When Kalel Chester is on a boulder, climbing 50-plus feet off the ground, he prefers to be untethered. The crash pads below would not be enough to protect him should he fall at this height, but he’s not scared.
When he’s climbing with ropes, Chester said he doesn’t feel the same mental clarity as when he’s free climbing.
“You get into this flow state and it’s really meditative,” Chester said. “It gets you to really focus on where you are, what you’re doing, your breathing (and) your environment. You get really engrossed in the details of one singular face — all the individual crystals and textures on the rock.”
Chester has been climbing for six years and is a member of UO’s Climbing Team. He trains indoors on the rock wall with the team two days a week, but he’s most in his element when he’s climbing outdoors, specifically when he’s highball bouldering.
“Climbing engages your mind in a lot of ways you don’t necessarily get to do as much in your everyday life,” Chester said. “We spend a lot of time studying and working, but we don’t focus a lot on balance or presence in ourselves or breathing. All this stuff is really essential to the human condition.”
On the weekends, Chester and a few members of the climbing team drive out to Oakridge, Sweet Home or Smith Rock to climb. There isn’t much climbing development in the Willamette Valley, so Chester gets creative when scoping out a spot.

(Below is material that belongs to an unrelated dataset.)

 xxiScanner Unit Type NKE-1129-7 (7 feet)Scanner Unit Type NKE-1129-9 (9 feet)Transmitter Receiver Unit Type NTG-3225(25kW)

“I’ve spent a lot of time on Google Maps looking for potential rock features,” Chester said. “When I find one I’ll go drive out and hike up to the feature. Usually I have to do some development and clean a bunch of moss and stuff off the rock to make the climbing feasible.”
Sometimes, after spending up to two days developing a face, Chester will realize the rock is too soft to climb. The wet climate in the Willamette Valley can make outdoor climbing around Eugene difficult and dangerous. The weather alone often makes climbing impossible.

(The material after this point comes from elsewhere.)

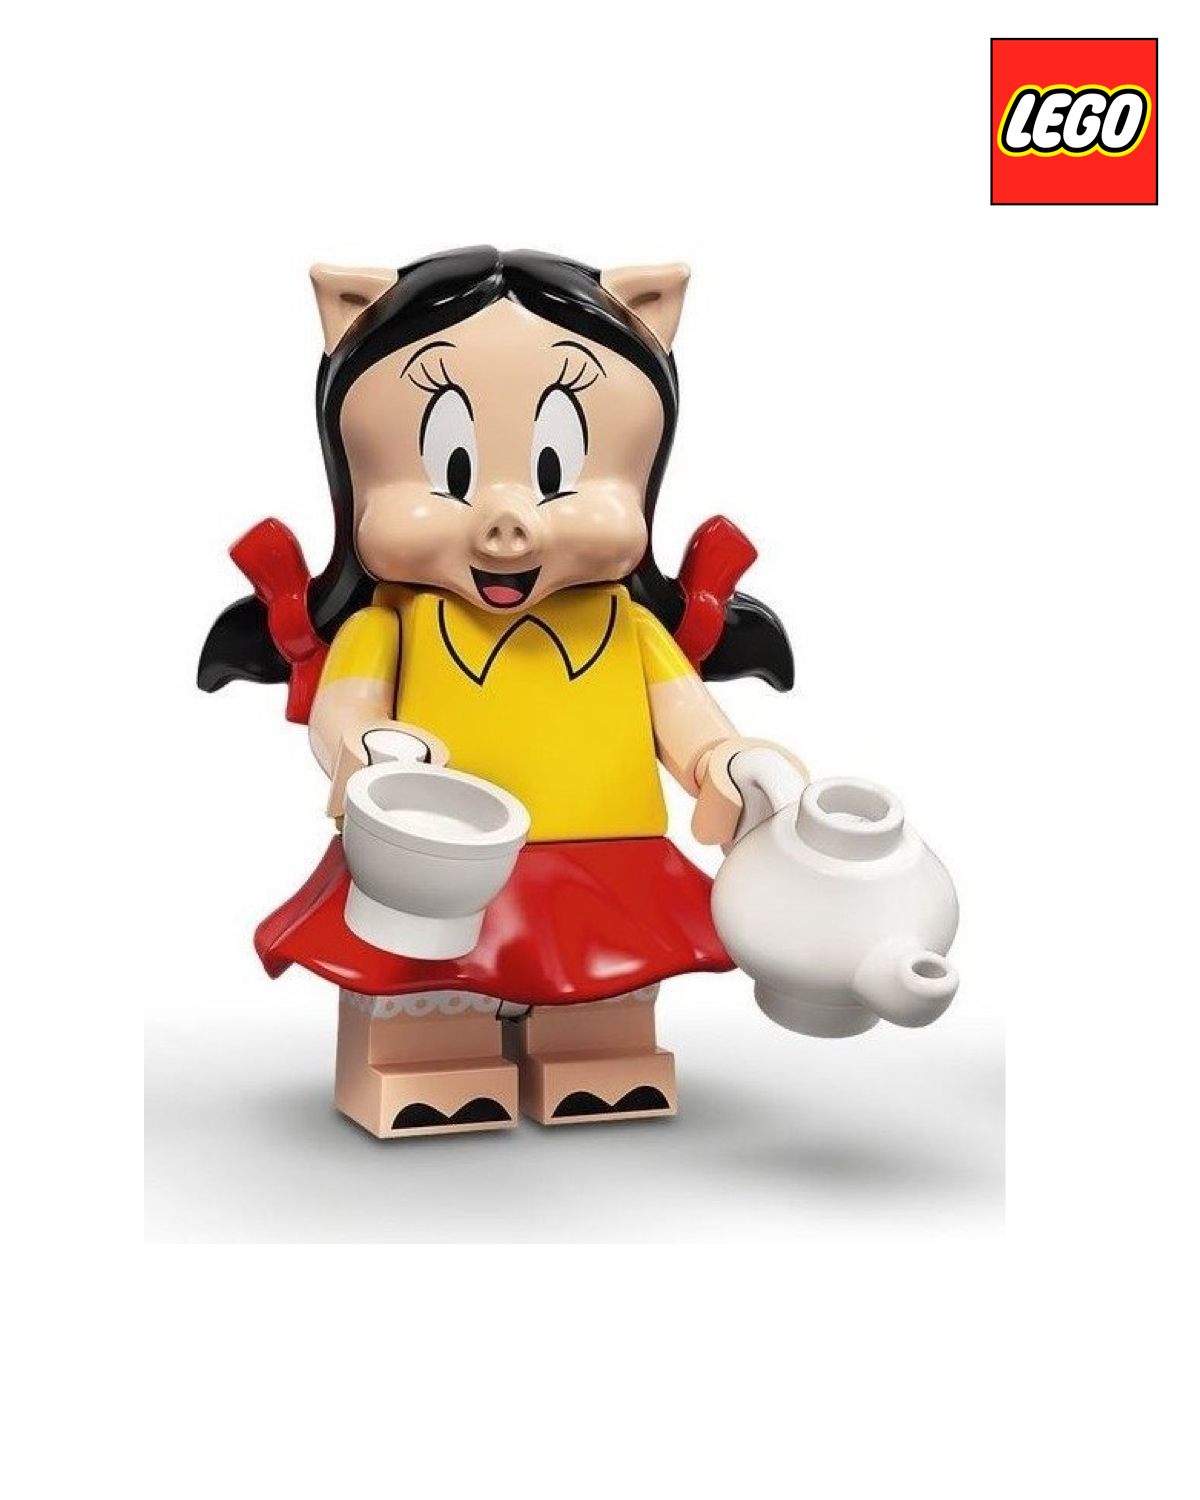 Petunia Pig - Looney Tunes | LEGO Minifigure | NEW CMF

“When it’s pouring rain we either go to Smith Rock because it’s drier in the desert, or we go to a cave just outside of Oakridge,” Chester said. “It’s just so full of rat shit that it’s kind of a miserable place to be.”
Outdoor climbing has motivated Chester to explore in and outside of Oregon. He’s done climbing trips to California and the Colorado Rockies, but before he started climbing, he said he wasn’t interested in traveling.

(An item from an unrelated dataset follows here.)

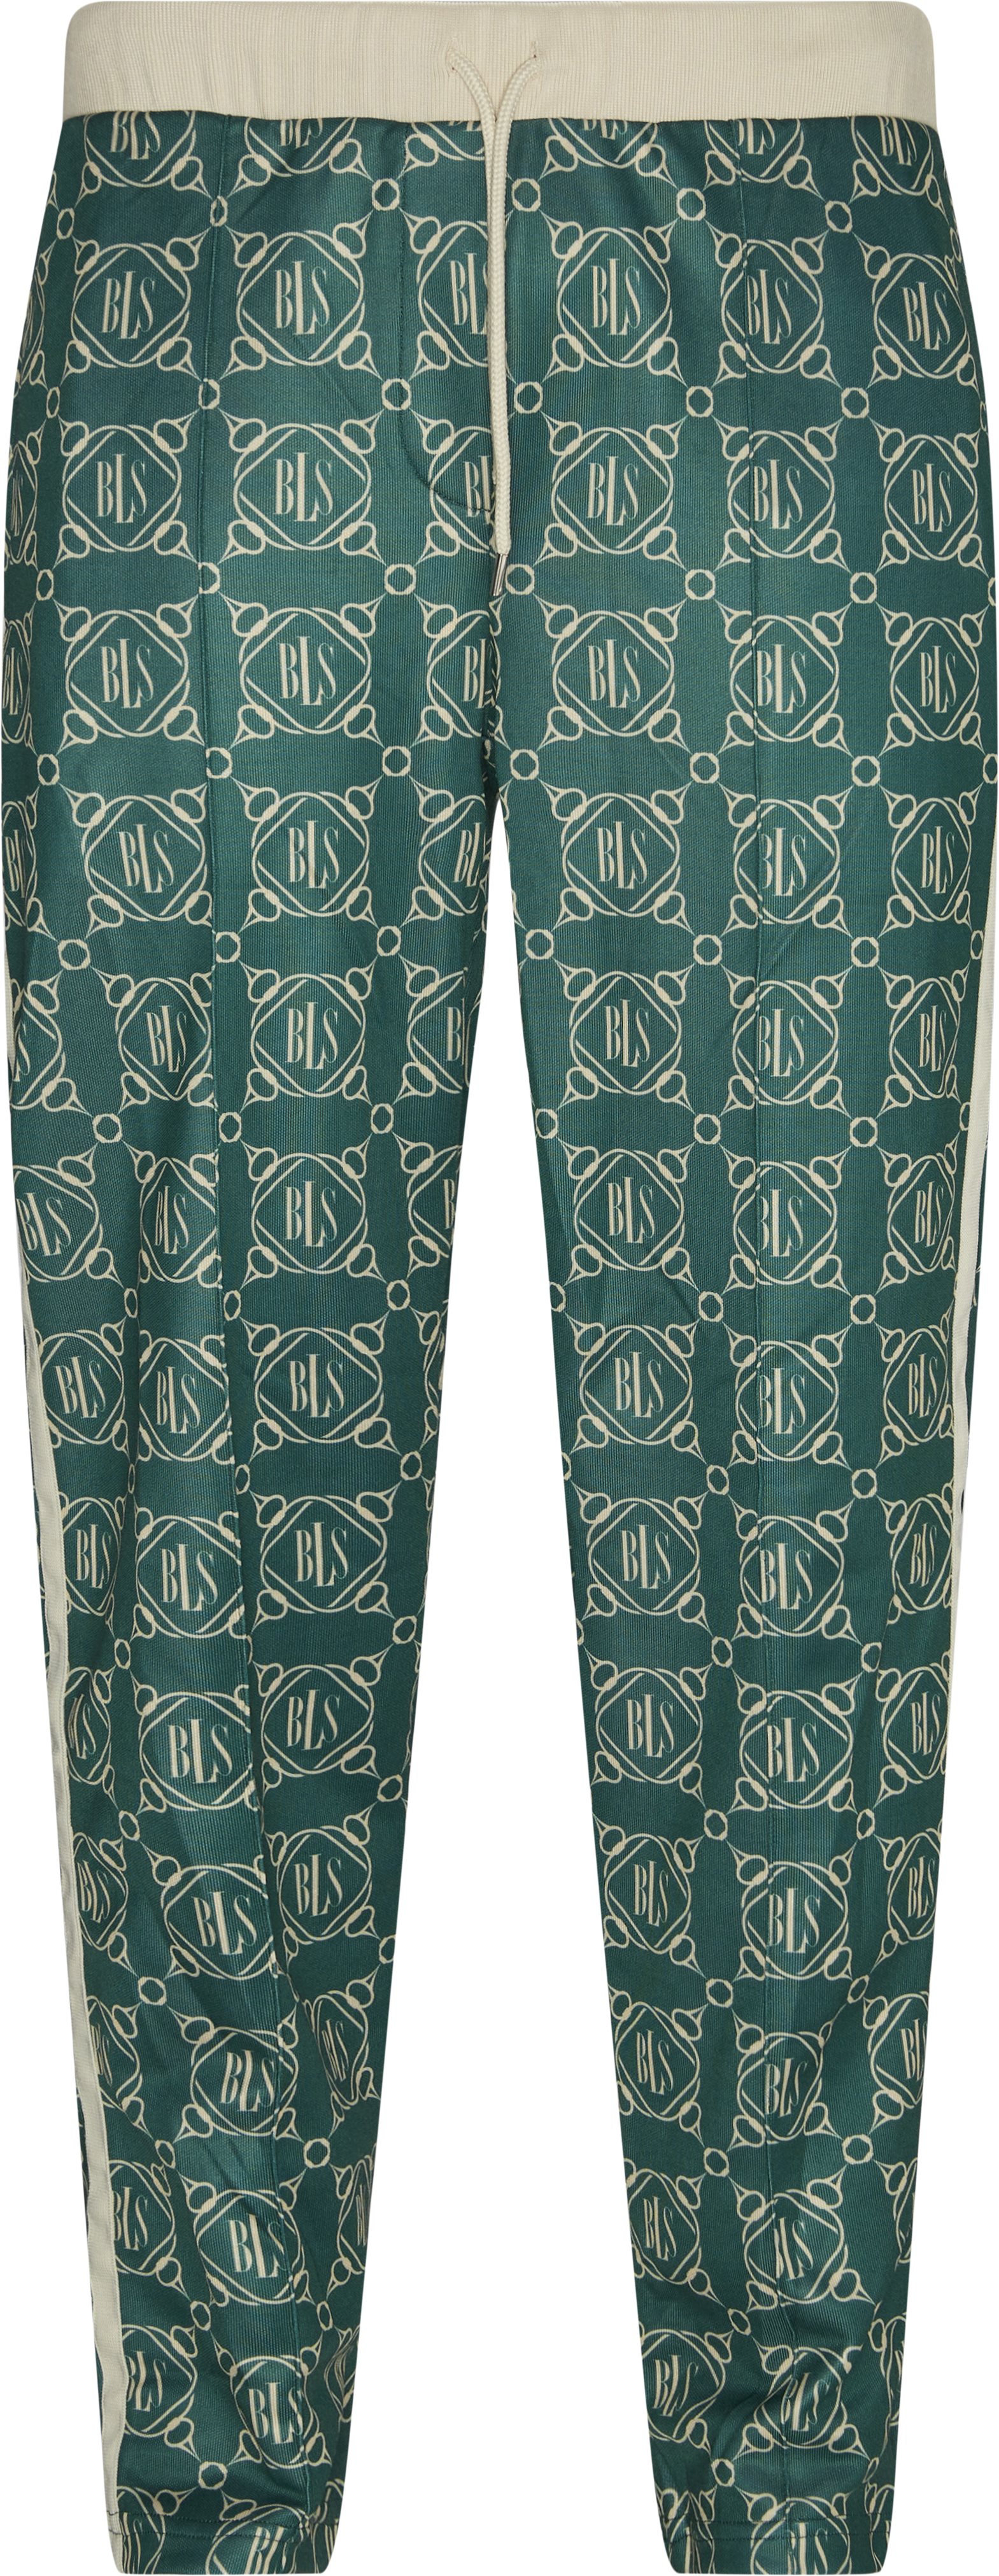 Martinez Dome Pants - Bukser - Regular fit - Grøn

“In middle school I was a gamer kid and I just sat in my house and never left,” Chester said. “I didn’t think traveling had any purpose because I was like, ‘Why would I travel somewhere when I could look at a photo of it?’ Looking back on that, it seems insane.”
When Chester first discovered climbing, he struggled to become fully immersed in the sport because of its financial demands. But after he was offered a scholarship from Elevation Bouldering Gym, he hit the ground running.
As a senior in high school, Chester competed in the USA Climbing Circuit, but he opted to focus on the Northwest Collegiate Climbing Circuit when he came to UO. He said the highly competitive nature of USAC had become extremely mentally taxing.
“I put too much of my mental health weight in results,” Chester said. “I did really well in the first few series, but when I got to nationals it just wasn’t my day and I did poorly, which kind of put me in a downward spiral.”
This year, Chester plans to dip his toe back into the USAC collegiate circuit. As a junior physics and data science double major, he believes this is the last year he’ll have time for USAC.
After college, Chester doesn’t intend to continue competing, but he hopes to move somewhere that will allow climbing to be a constant in his life. For Chester, climbing isn’t just a sport, it’s a lifestyle.